On pourrait ironiser, brocarder des PDG de gauche qui spéculent sur la faim dans le monde pour écouler des stocks de nourriture transgénique, mal acceptés en zone développée, à des cobayes providentiels situés à l'autre bout de la planète, non sans fustiger la droite cléricale qui n'aime pas manger biochimique! On y perdrait son latin. Tous hésitent, on ne saisit pas encore le changement de bord, ni surtout le débordement des bords pré-définis, et on reste figé du côté qui penche.

A l'opposé de ces jeux fatigués, la préoccupation environnementale égalise et unifie radicalement : nous serons tous frappés, à un niveau basique : respirer, manger... La vie dans l'écosphère de l'homme et de ses congénères (les insectes résistent mieux) est déjà menacée. Le développement durable doit être rendu à son sens d'origine, anglo-saxonne, puisqu'il veut dire acceptable, admissible, et non pas simplement « de longue durée » (la longue durée est ce qu'il permet, non ce qui le constitue).

La question des devoirs envers elles-mêmes des sociétés développées et des citoyens qui les animent est posée. S'agissant des thèmes retenus, quatre enjeux paraissent majeurs : les progrès scientifiques, le lien santé-environnement, la réorientation de l'économie et le mode de prise de décision. S'agissant du progrès scientifique, la définition du progrès humain, l'orientation de la recherche publique, l'application de la précaution et de la responsabilité, et le contrôle démocratique sont des sujets majeurs qui commandent à la fois notre capacité à trouver des solutions technologiques à nos problèmes quand elles existent, et à évaluer les conséquences de nos actes pour faire de la science un outil de résolution des problèmes et non d'accélération.
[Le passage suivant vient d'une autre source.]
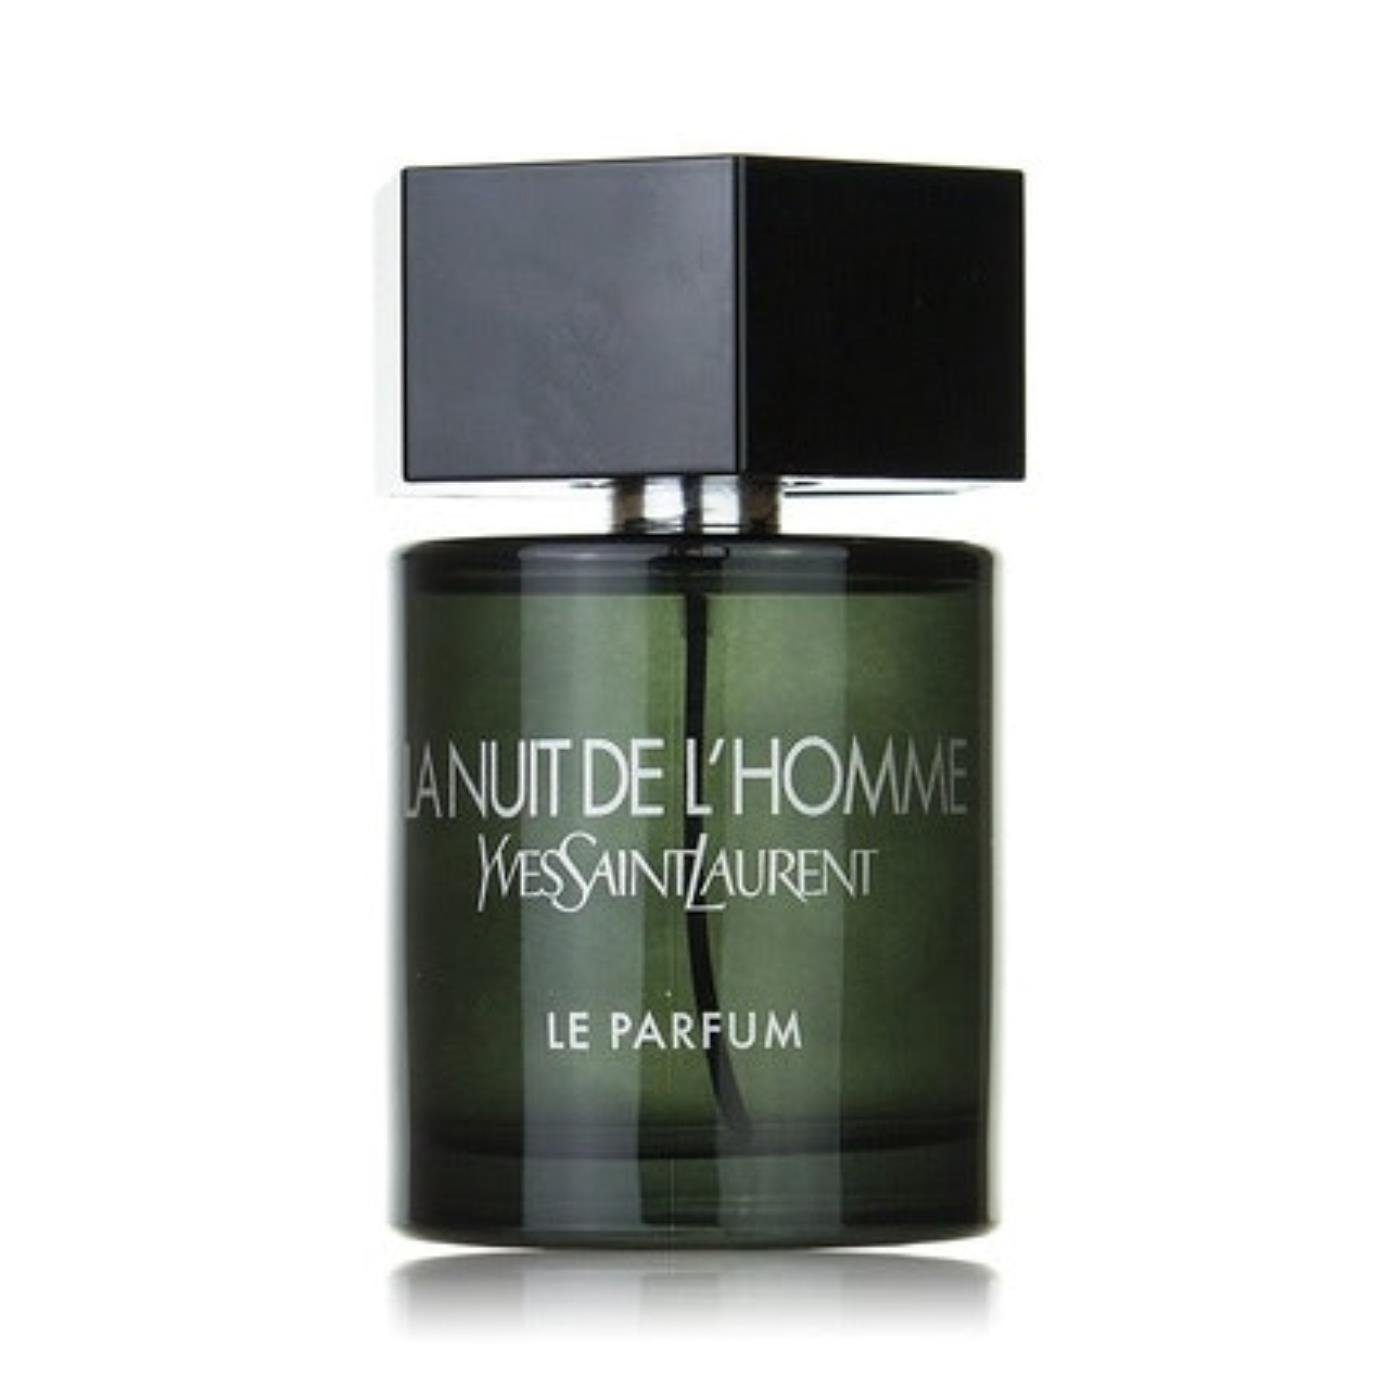 YVES SAINT de Parfum Yves Saint Parfum L'Homme LAURENT Eau Nuit Laurent Le de La

Ce premier sujet est lié au second dans la mesure oùles pathologies, au nord comme au sud mais pour des raisons différentes, ont des liens de plus en plus forts avec la détérioration des milieux naturels.
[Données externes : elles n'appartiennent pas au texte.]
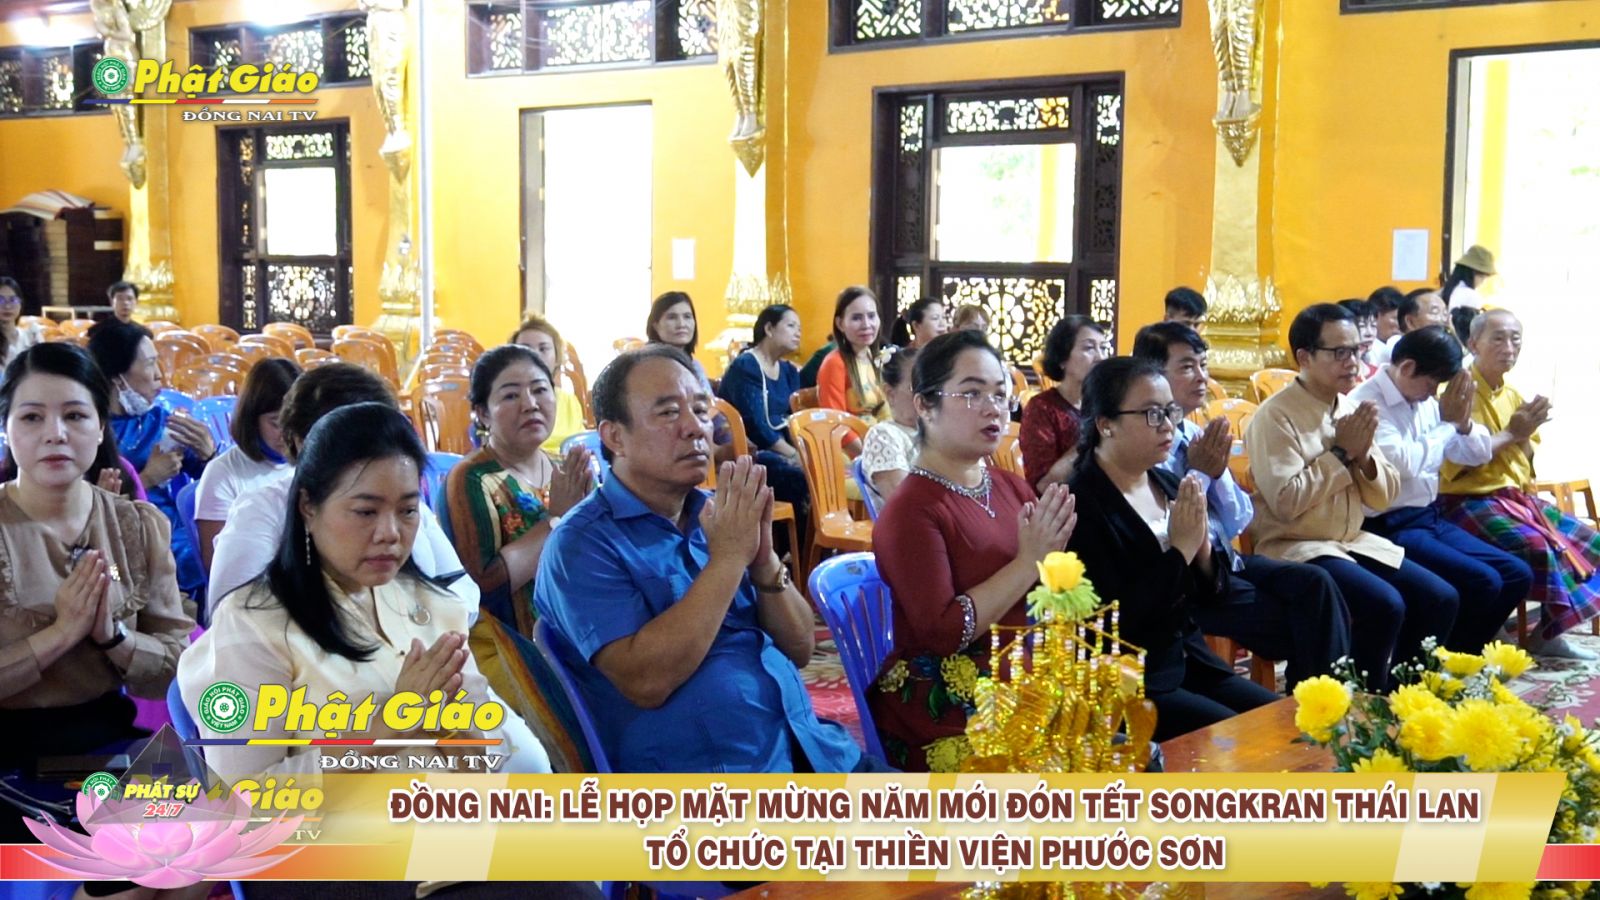 [Video] Đồng Nai: Lễ Họp Mặt Mừng Năm Mới – đón tết SongKran Thái Lan tại Thiền viện Phước Sơn kết nối tình hữu nghị Thái Lan - Đồng Nai.

Le troisième enjeu a été magistralement expliqué par Lester Brown sous le concept d' « éco-économie ». Il s'agit de réorienter le développement industriel en l'asseyant sur des industries pourvoyeuses d'éco-efficacité, d'éco-produits et sur les énergies renouvelables.

Le dernier enjeu majeur est celui de la gouvernance (y compris la lutte contre la corruption), c'est-à-dire d'un autre mode de rapports entre les trois piliers de la société, de manière à permettre, comme le propose Ulrich Beck dans son dernier ouvrage: « Pouvoir et contre-pouvoir à l'ère de la mondialisation », une réinvention de la défense des intérêts collectifs. Celle-ci présuppose une définition des valeurs de base et les conditions de leur respect : justice, égalité notamment entre les sexes, probité, droit à l'intégrité, etc.
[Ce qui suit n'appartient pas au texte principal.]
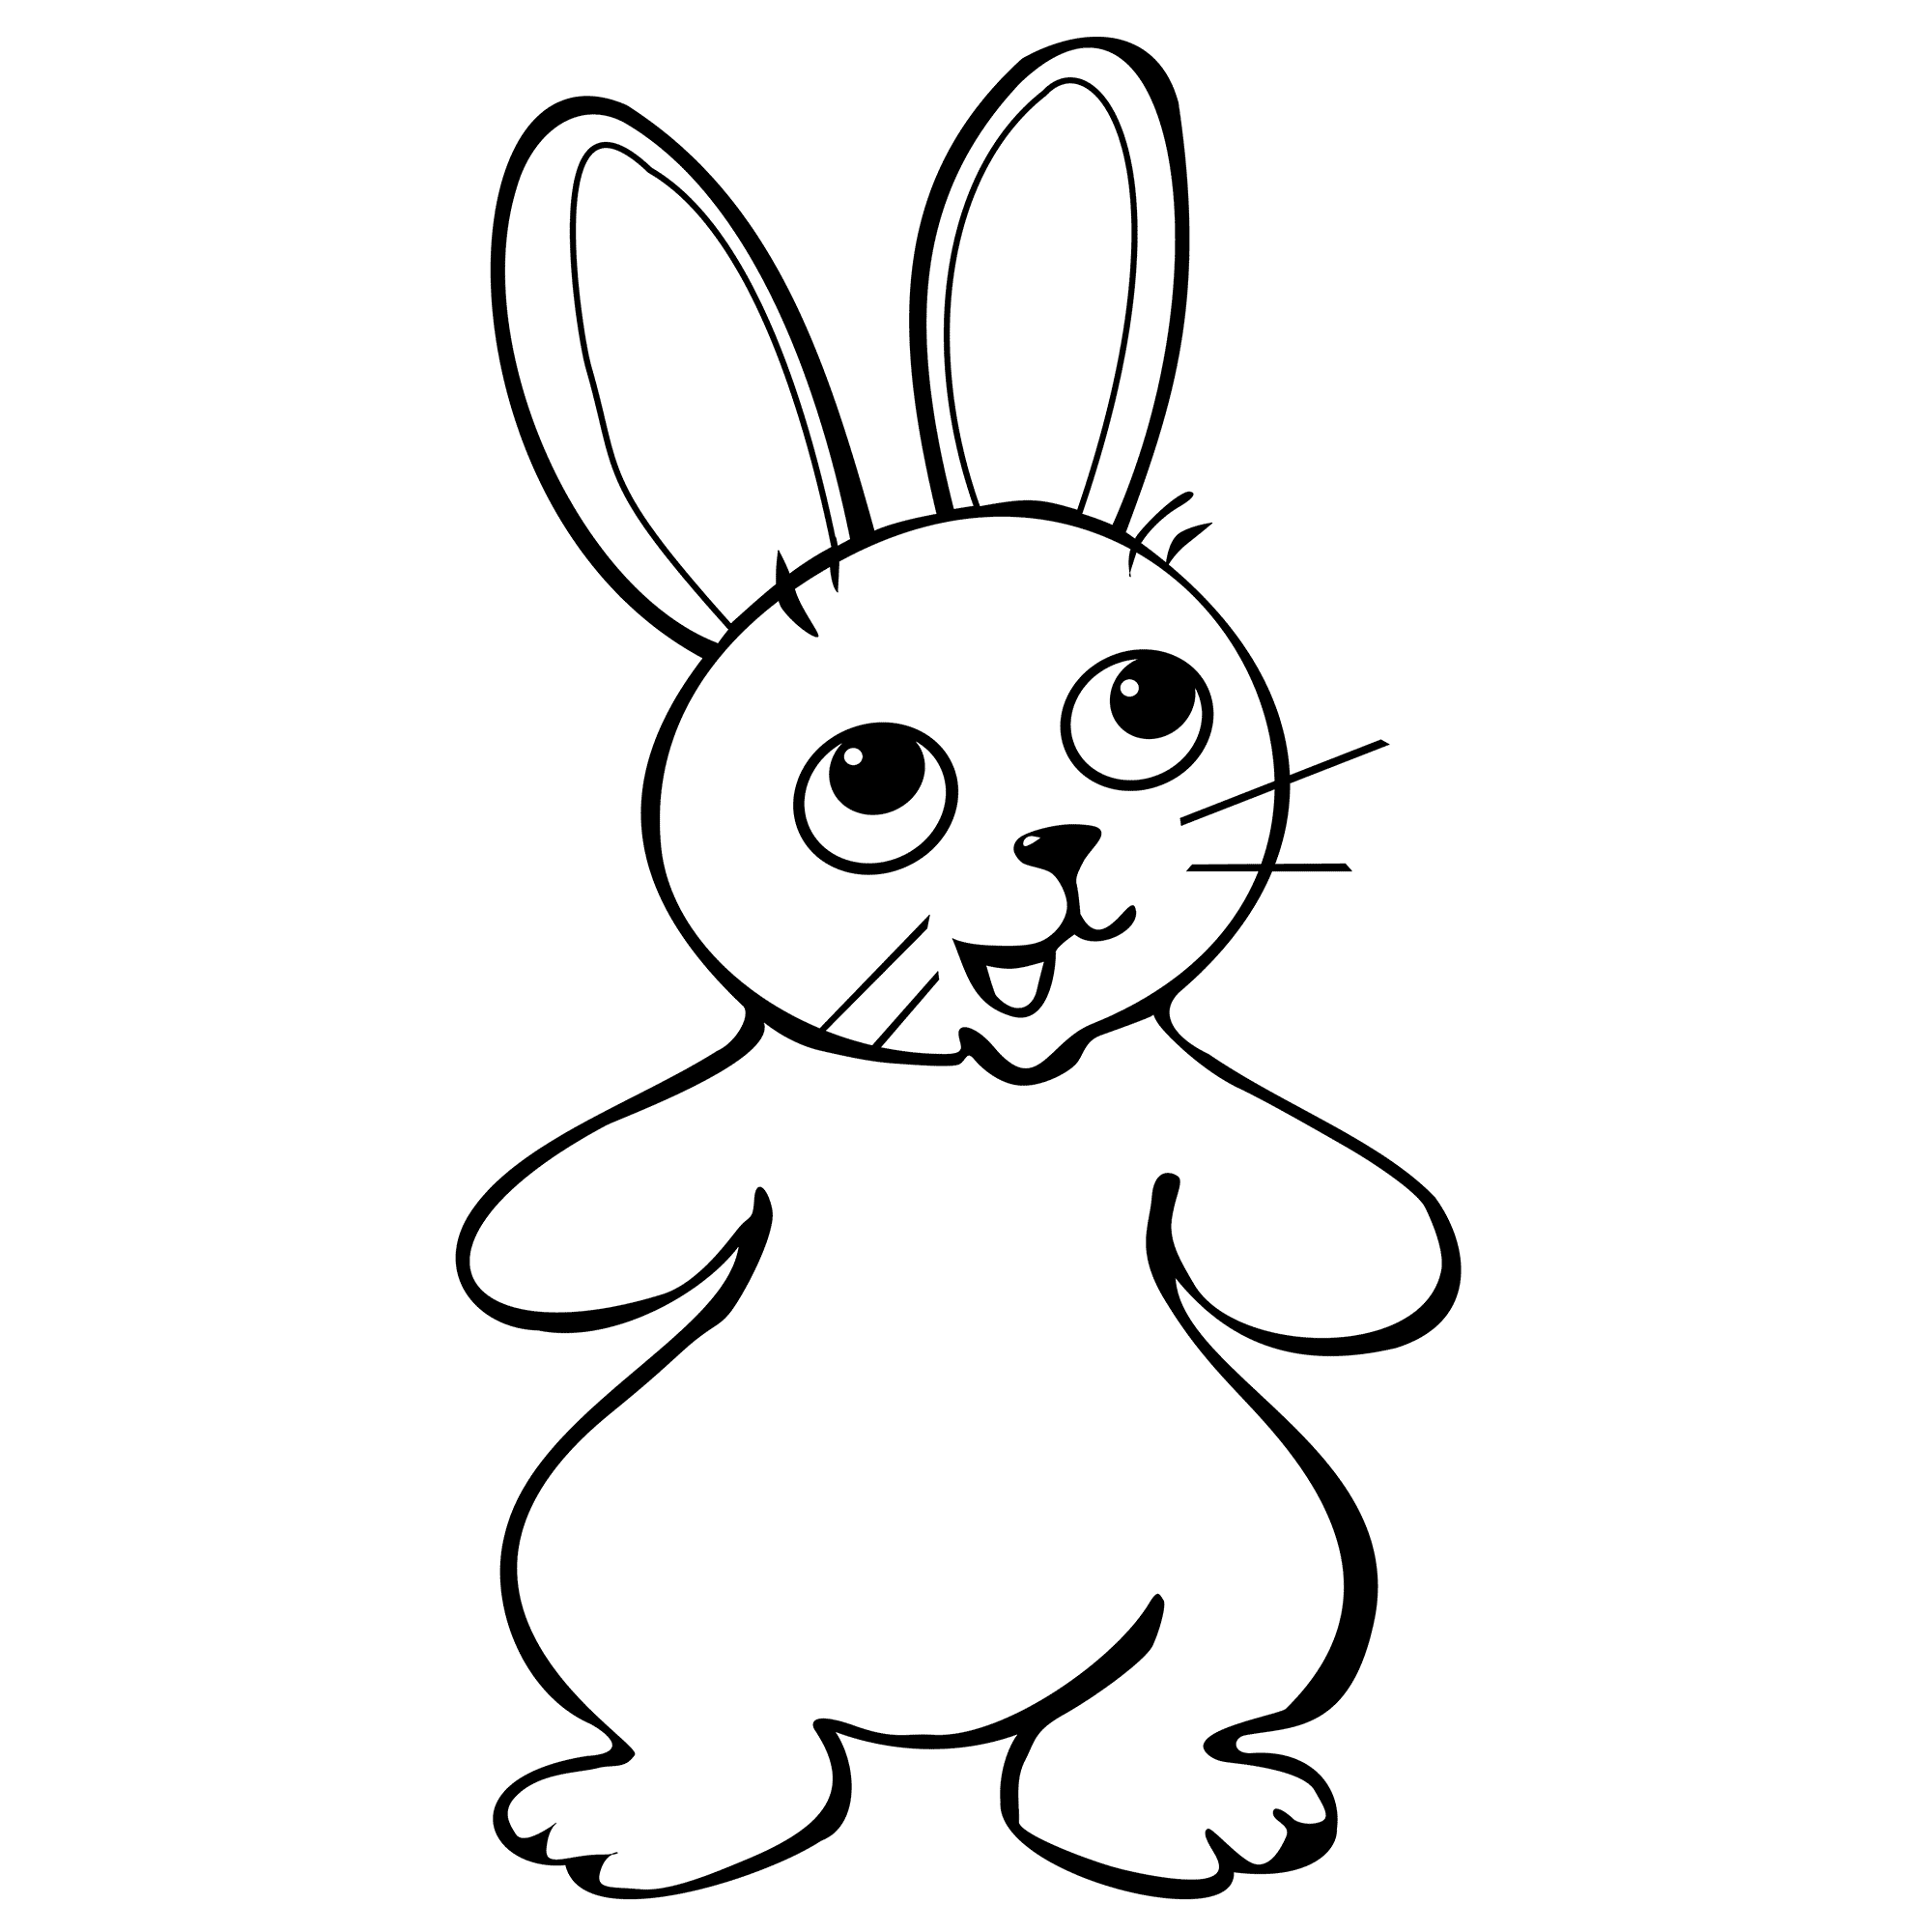 bunny-drawing-printable-printable-world-holiday

A partir de ce socle, des thèmes sont incontournables : l'énergie et les transports, l'agriculture, les règles du commerce international, la comptabilité publique et les modalités d'internalisation des coûts, la stratégie des entreprises, l'aide publique, l'organisation internationale, etc.

L'union des mystificateurs et des pollueurs a vécu. Beaucoup sont conscients que nous allons de manière accélérée dans le mur. Il est encore temps d'admettre que l'économie n'est qu'un sous-système de l'écologie entendue comme l'écosystème global. De même qu'il ne peut y avoir de progrès économique s'il n'y a plus les ressources physiques permettant d'asseoir ce développement, il ne peut y avoir d'avenir pour l'espèce humaine si elle oublie qu'elle est homo sapiens avant d'être homo economicus. Sonnera l'heure de la raison ou ne sonnera plus l'heure.